* **What the task asks**
Retype the whole listing exactly. Leave out pictures.

* **Data provided**
◆ ◆ ◆ ◆

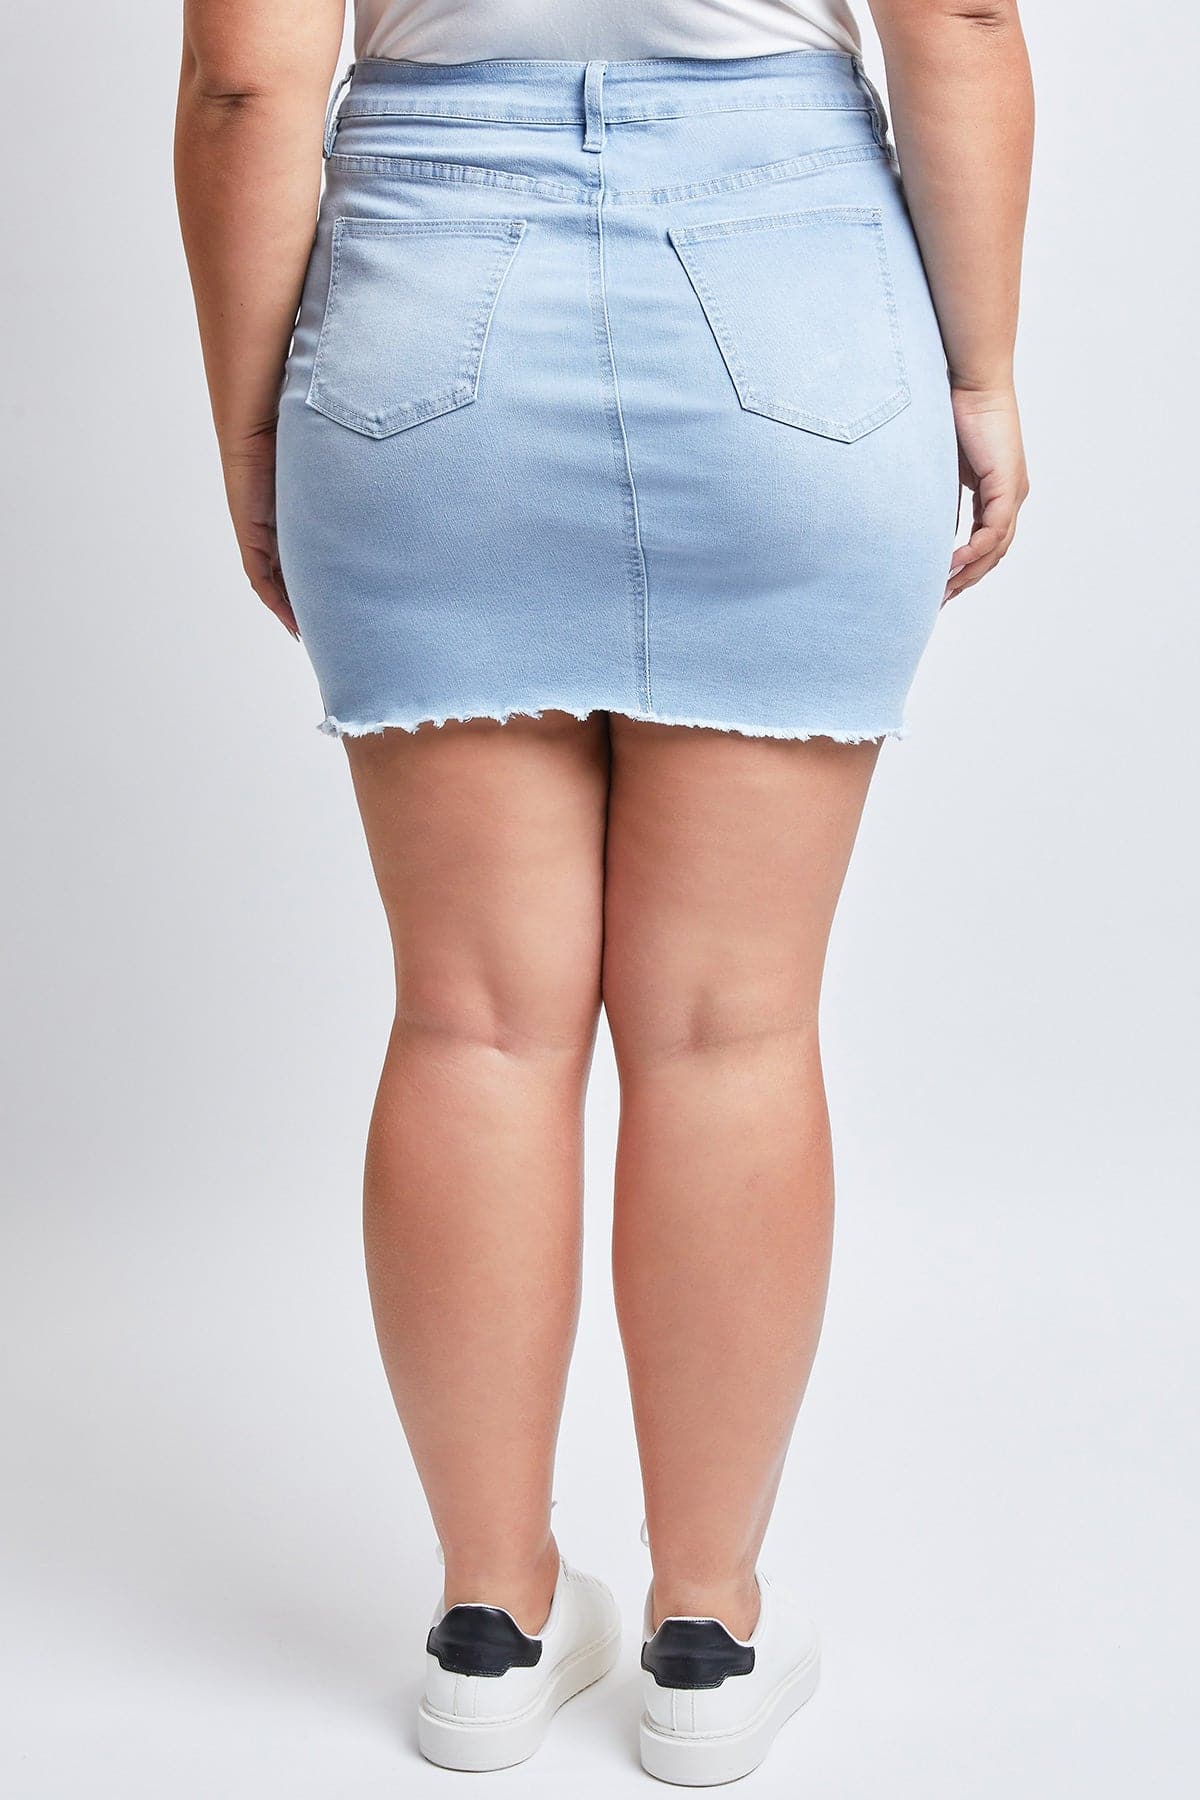 Plus Size Women's Exposed Button Fray Hem Skirt
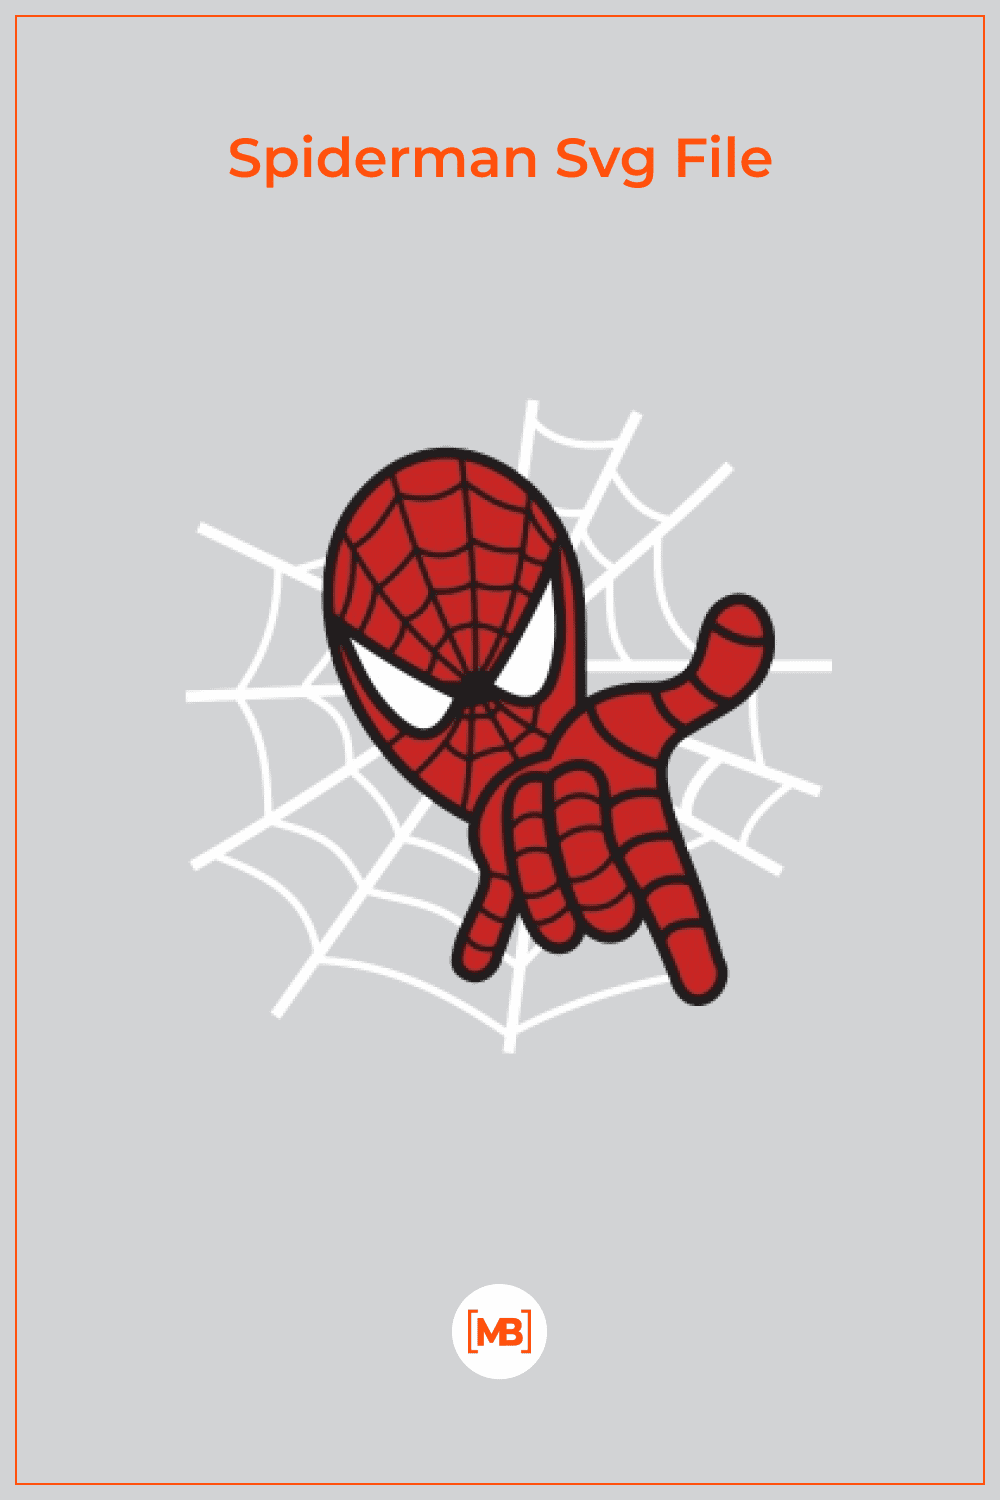 Spiderman Svg File.
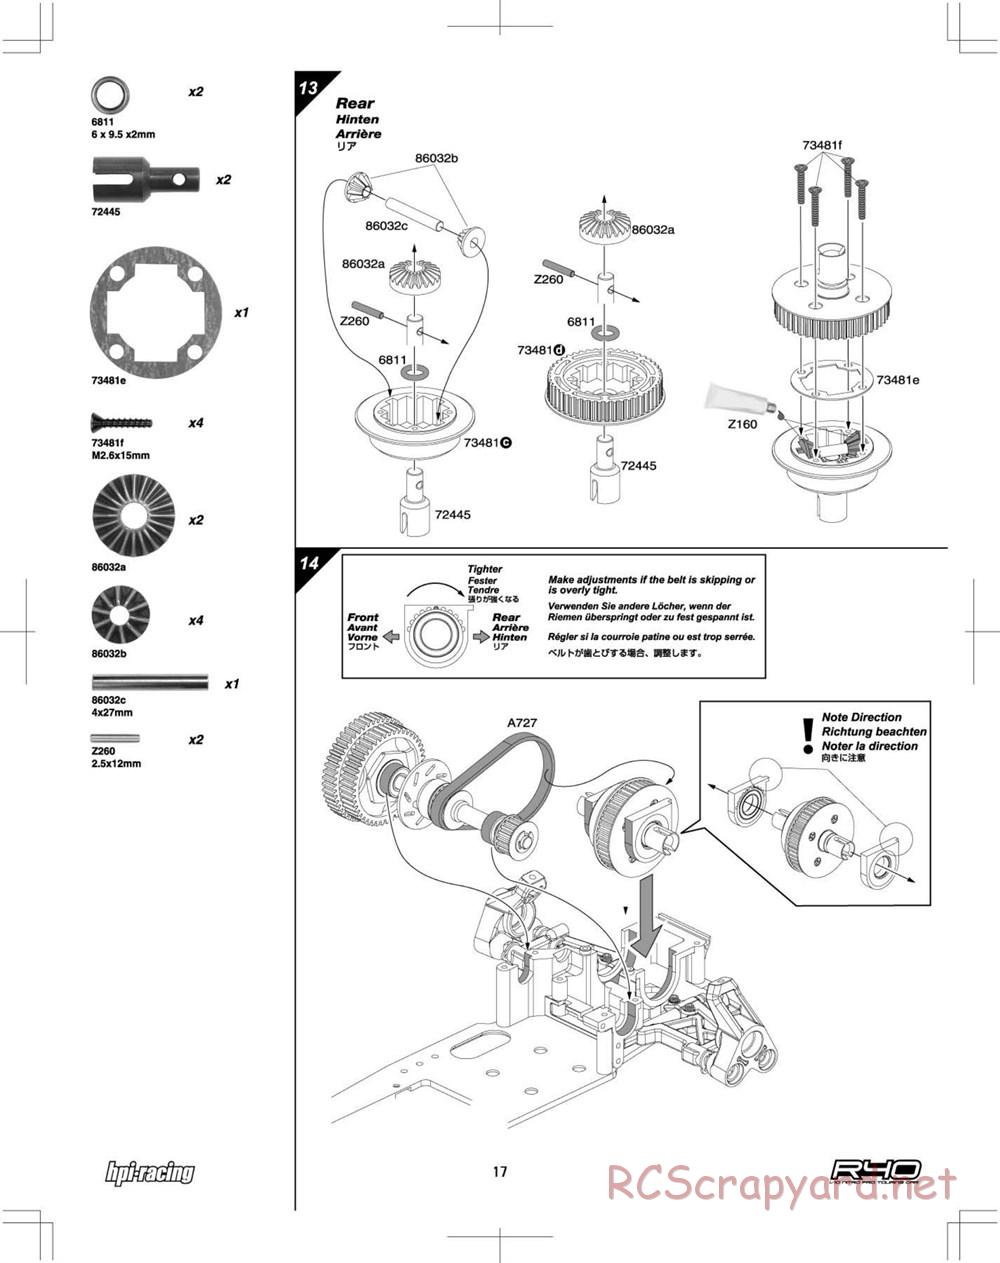 HPI - R40 Nitro Touring Car - Manual - Page 17

◆ ◆ ◆ ◆

* **Output of the task**
 Plus Size Women's Exposed Button Fray Hem Skirt
 Spiderman Svg File.
 HPI - R40 Nitro Touring Car - Manual - Page 17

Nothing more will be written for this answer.